(Exercise materials begins)
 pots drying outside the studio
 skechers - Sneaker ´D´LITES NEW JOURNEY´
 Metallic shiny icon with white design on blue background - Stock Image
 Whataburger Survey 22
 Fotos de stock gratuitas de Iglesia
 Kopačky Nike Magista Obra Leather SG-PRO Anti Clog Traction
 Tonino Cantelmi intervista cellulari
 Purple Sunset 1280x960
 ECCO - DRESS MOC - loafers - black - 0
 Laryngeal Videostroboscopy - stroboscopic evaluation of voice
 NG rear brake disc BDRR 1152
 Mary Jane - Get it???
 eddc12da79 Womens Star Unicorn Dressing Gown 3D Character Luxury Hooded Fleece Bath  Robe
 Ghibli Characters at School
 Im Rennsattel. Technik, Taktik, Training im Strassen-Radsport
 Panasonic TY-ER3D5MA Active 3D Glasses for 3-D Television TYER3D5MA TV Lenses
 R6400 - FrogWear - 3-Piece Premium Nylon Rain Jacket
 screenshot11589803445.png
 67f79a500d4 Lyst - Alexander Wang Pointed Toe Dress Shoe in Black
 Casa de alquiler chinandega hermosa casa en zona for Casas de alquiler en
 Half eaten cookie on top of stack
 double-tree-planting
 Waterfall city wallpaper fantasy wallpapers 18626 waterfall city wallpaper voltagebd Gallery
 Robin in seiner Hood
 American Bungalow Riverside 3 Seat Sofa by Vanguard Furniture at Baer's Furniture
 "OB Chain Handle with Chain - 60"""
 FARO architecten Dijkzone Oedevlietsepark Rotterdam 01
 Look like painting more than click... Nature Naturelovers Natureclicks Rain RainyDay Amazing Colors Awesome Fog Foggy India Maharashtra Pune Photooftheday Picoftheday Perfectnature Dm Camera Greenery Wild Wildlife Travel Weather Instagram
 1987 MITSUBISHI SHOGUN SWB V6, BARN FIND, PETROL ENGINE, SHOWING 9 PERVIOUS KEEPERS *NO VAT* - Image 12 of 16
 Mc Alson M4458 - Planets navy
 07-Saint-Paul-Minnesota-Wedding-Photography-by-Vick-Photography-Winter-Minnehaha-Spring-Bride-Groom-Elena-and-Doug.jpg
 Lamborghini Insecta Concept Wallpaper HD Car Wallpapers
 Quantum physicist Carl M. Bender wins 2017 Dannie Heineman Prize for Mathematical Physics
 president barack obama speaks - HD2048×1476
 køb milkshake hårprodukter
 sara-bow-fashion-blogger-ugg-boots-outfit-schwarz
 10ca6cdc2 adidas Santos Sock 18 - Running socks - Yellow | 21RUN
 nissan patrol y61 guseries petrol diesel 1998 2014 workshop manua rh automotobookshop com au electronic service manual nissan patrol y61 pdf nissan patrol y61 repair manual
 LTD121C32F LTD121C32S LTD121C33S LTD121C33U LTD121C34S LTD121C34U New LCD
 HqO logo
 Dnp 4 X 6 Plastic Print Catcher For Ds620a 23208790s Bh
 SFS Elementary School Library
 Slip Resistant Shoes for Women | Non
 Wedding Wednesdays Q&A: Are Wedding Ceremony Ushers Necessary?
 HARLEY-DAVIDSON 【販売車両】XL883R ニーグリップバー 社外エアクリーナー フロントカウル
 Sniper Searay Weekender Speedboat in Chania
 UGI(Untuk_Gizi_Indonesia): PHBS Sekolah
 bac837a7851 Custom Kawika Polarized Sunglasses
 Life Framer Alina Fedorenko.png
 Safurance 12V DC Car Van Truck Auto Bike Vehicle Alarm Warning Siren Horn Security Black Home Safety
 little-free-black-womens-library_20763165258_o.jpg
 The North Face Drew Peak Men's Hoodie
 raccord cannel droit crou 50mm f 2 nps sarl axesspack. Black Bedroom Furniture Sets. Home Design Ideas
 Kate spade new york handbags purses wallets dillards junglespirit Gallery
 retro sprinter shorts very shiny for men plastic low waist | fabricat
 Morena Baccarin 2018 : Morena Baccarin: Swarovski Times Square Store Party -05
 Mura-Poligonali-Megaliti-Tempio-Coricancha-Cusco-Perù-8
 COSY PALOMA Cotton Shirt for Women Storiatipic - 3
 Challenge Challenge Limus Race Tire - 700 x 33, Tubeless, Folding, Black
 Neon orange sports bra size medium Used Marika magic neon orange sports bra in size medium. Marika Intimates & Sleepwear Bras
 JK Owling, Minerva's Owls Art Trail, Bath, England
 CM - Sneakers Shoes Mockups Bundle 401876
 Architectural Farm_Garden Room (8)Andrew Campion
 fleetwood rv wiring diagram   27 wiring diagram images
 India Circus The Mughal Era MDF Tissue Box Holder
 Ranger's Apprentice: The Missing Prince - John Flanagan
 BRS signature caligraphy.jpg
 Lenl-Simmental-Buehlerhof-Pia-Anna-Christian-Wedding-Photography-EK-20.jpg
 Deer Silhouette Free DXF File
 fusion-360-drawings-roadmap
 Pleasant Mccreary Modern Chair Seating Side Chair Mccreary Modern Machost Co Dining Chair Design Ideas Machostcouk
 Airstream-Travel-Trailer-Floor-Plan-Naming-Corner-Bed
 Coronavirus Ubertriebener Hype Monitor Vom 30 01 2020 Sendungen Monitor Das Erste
(Exercise materials ends)
§ Directions
Go through the listing above and copy each line that contains "Photography".

§ Result for this task
 07-Saint-Paul-Minnesota-Wedding-Photography-by-Vick-Photography-Winter-Minnehaha-Spring-Bride-Groom-Elena-and-Doug.jpg
 Lenl-Simmental-Buehlerhof-Pia-Anna-Christian-Wedding-Photography-EK-20.jpg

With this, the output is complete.